Although a variety of approaches might be taken to incorporate these features in the new managers, CORBA can deliver a homogeneous solution since it promotes both programming language and locational transparency. It offers an object-oriented interface architecturally similar to the OAPI, and includes the desired push event mechanism. CORBA is an industry-standard specification for an object request broker that acts as a message bus for the transmission of invocation requests and their results to distributed CORBA objects.
The diagram in Figure 1 illustrates relevant interfaces between components in the new managers, between the new managers and the CORBA servers, and between the CORBA servers and the OAPI.

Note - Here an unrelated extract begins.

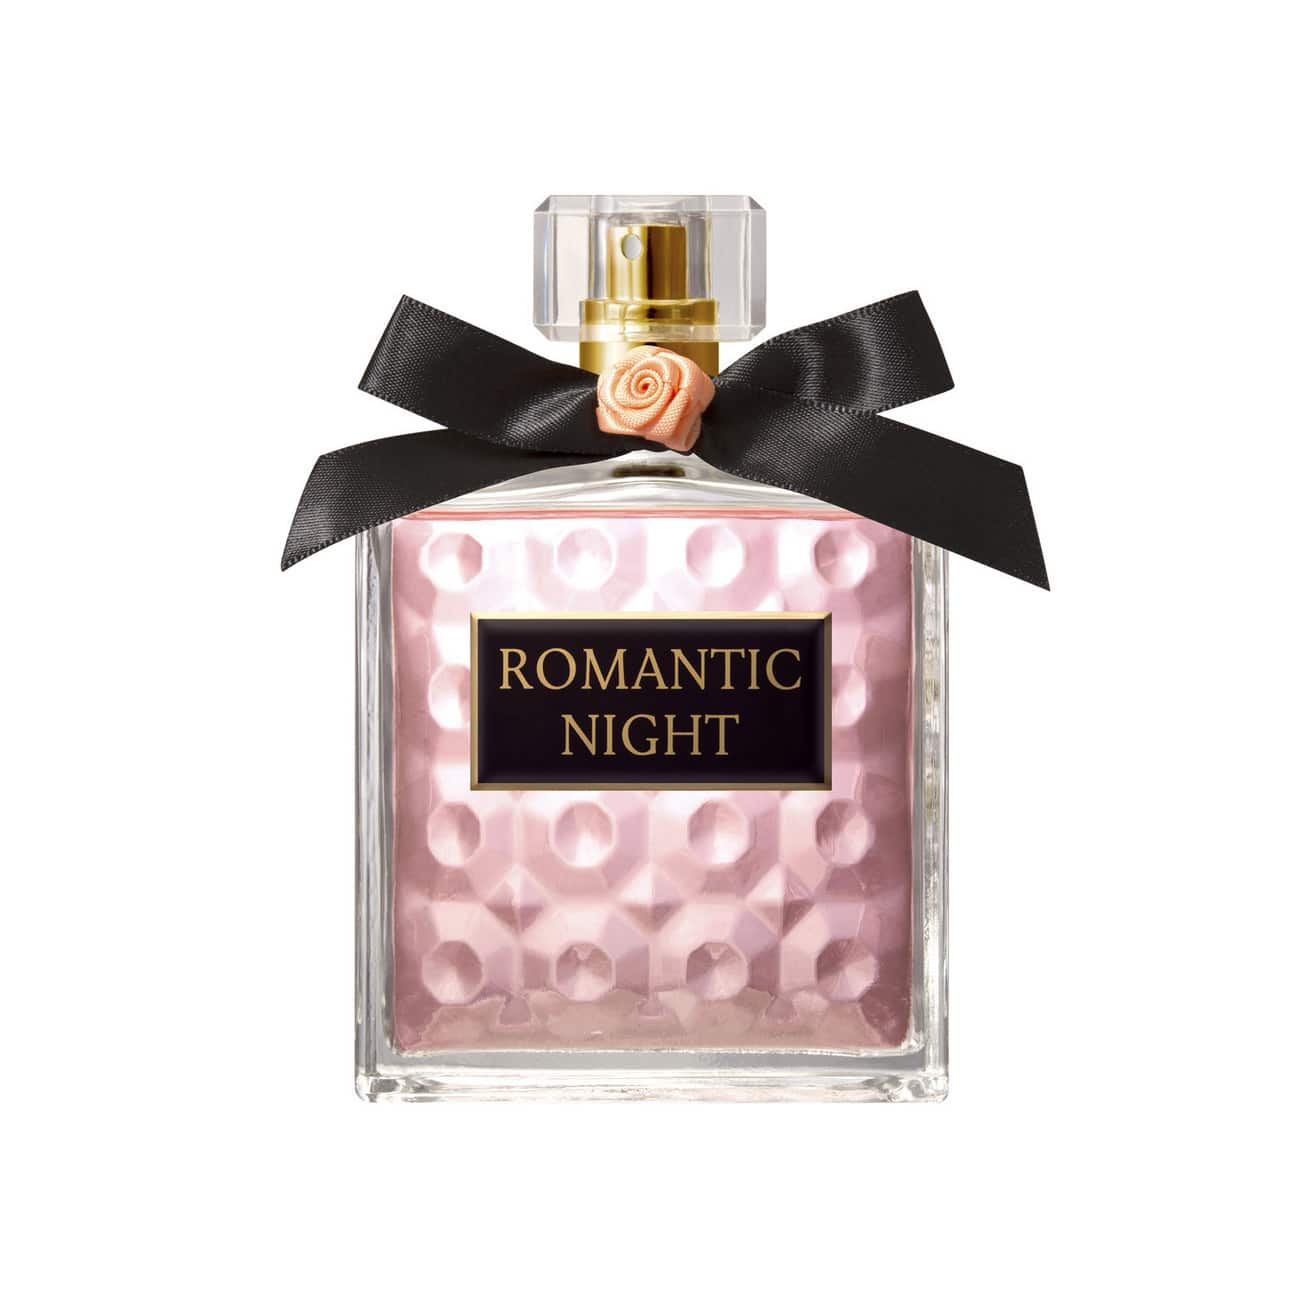 Parfum pour Femmes Romantic Night | Paris Elysees Parfums

Two pipeline managers come with the OPUS system. These are full Java applications that assist the user in monitoring the system. The Process Manager (PMG) not only assists with the task of configuring the system, but monitors what processes are running on which nodes, and what they are currently doing.

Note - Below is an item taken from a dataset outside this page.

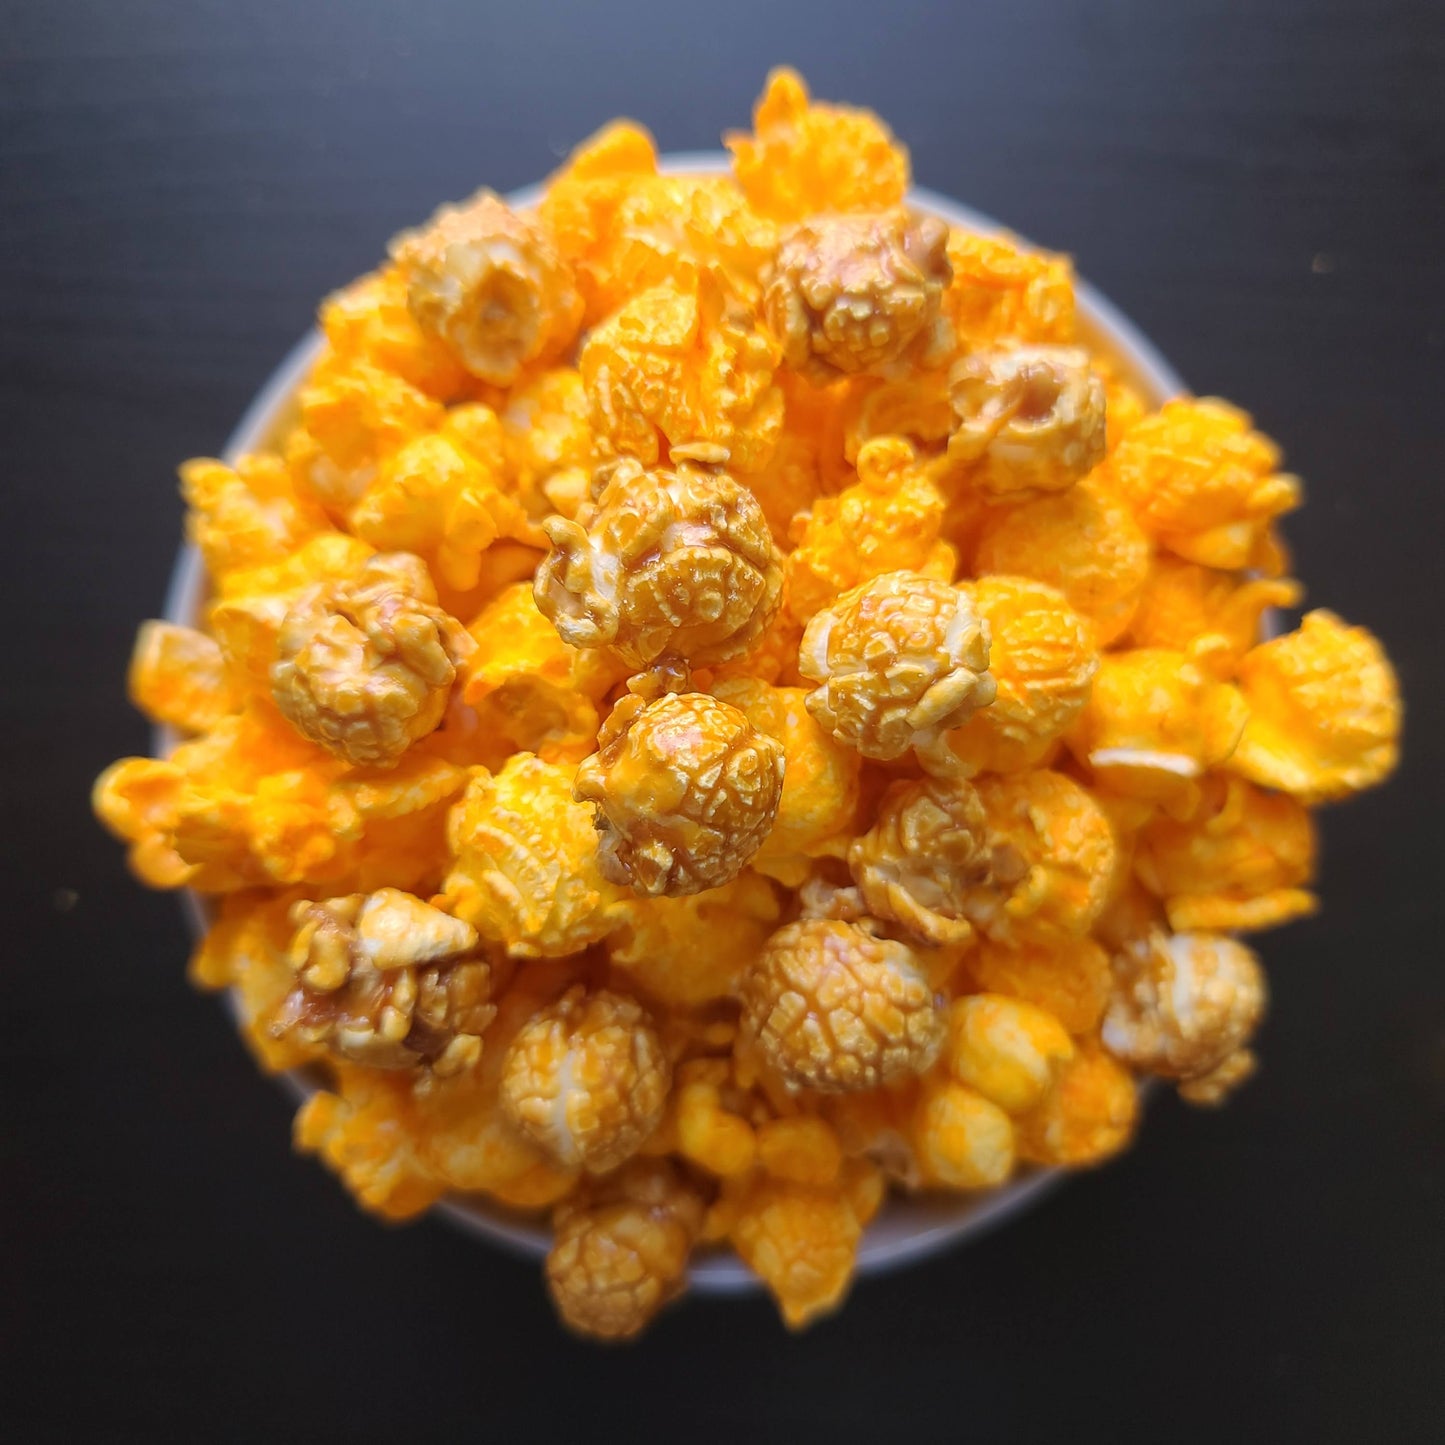 Eastminster Child Development Center - Cravings Gourmet Popcorn

The Observation Manager (OMG; see Figure 2) takes a second view of the pipeline activities, monitoring what datasets are where in the pipeline and alerting the operator when observations are unable to complete pipeline processing.

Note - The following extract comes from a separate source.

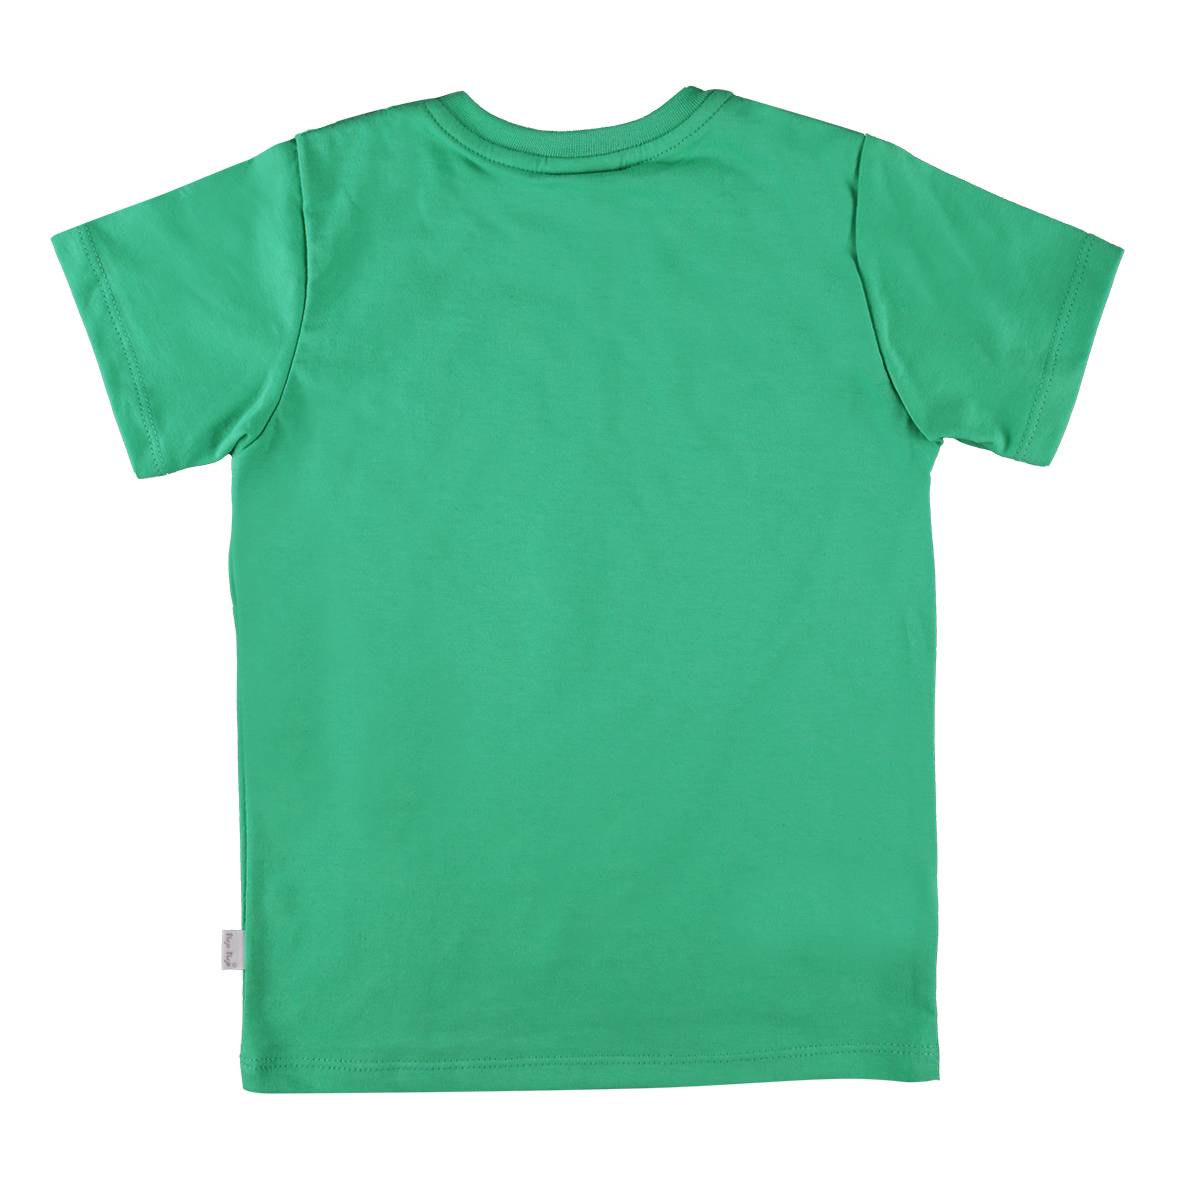 Koszulka chłopięca krótki rękaw, zielona z wozem policyjnym, Tup Tup

Because the interprocess communication mechanism is CORBA based, the Managers have been written as portable Java applications that communicate with the OPUS blackboards using the standard TCP/IP protocols. This, in turn, frees the Managers from having to operate within the confines of the pipelines they are managing: so long as they have a secure link with the OPUS server, the pipeline monitors can be served anywhere.
Freeing the graphical user interface from the responsibility of tracking events directly resulted in much more responsive tools in the hands of the OPUS user. The OPUS Java managers have taken all the capabilities of the Motif managers they replaced and added important new functionality. The locational transparency afforded by the new OPUS CORBA server implies we can run any number of Managers over the network on our workstations.
The new OPUS Observation Manager continues to support the flexibility built into the original Motif tools, e.g., configurable from external ASCII files, able to handle thousands of entries without loss of responsiveness, and easy modification of the status of any selection of entries. Consistent with the use of the managers as a view into the OPUS blackboards, the GUI provides its own user-defined views into the event lists.
Thus the user can create a new view that displays only the observations associated with a particular instrument, started on a particular day, or having completed a particular step in the pipeline. All views are accessible by clicking on tabs at the top of the display. Full use is made of ``tooltips'' to expand the use of abbreviations and mnemonics.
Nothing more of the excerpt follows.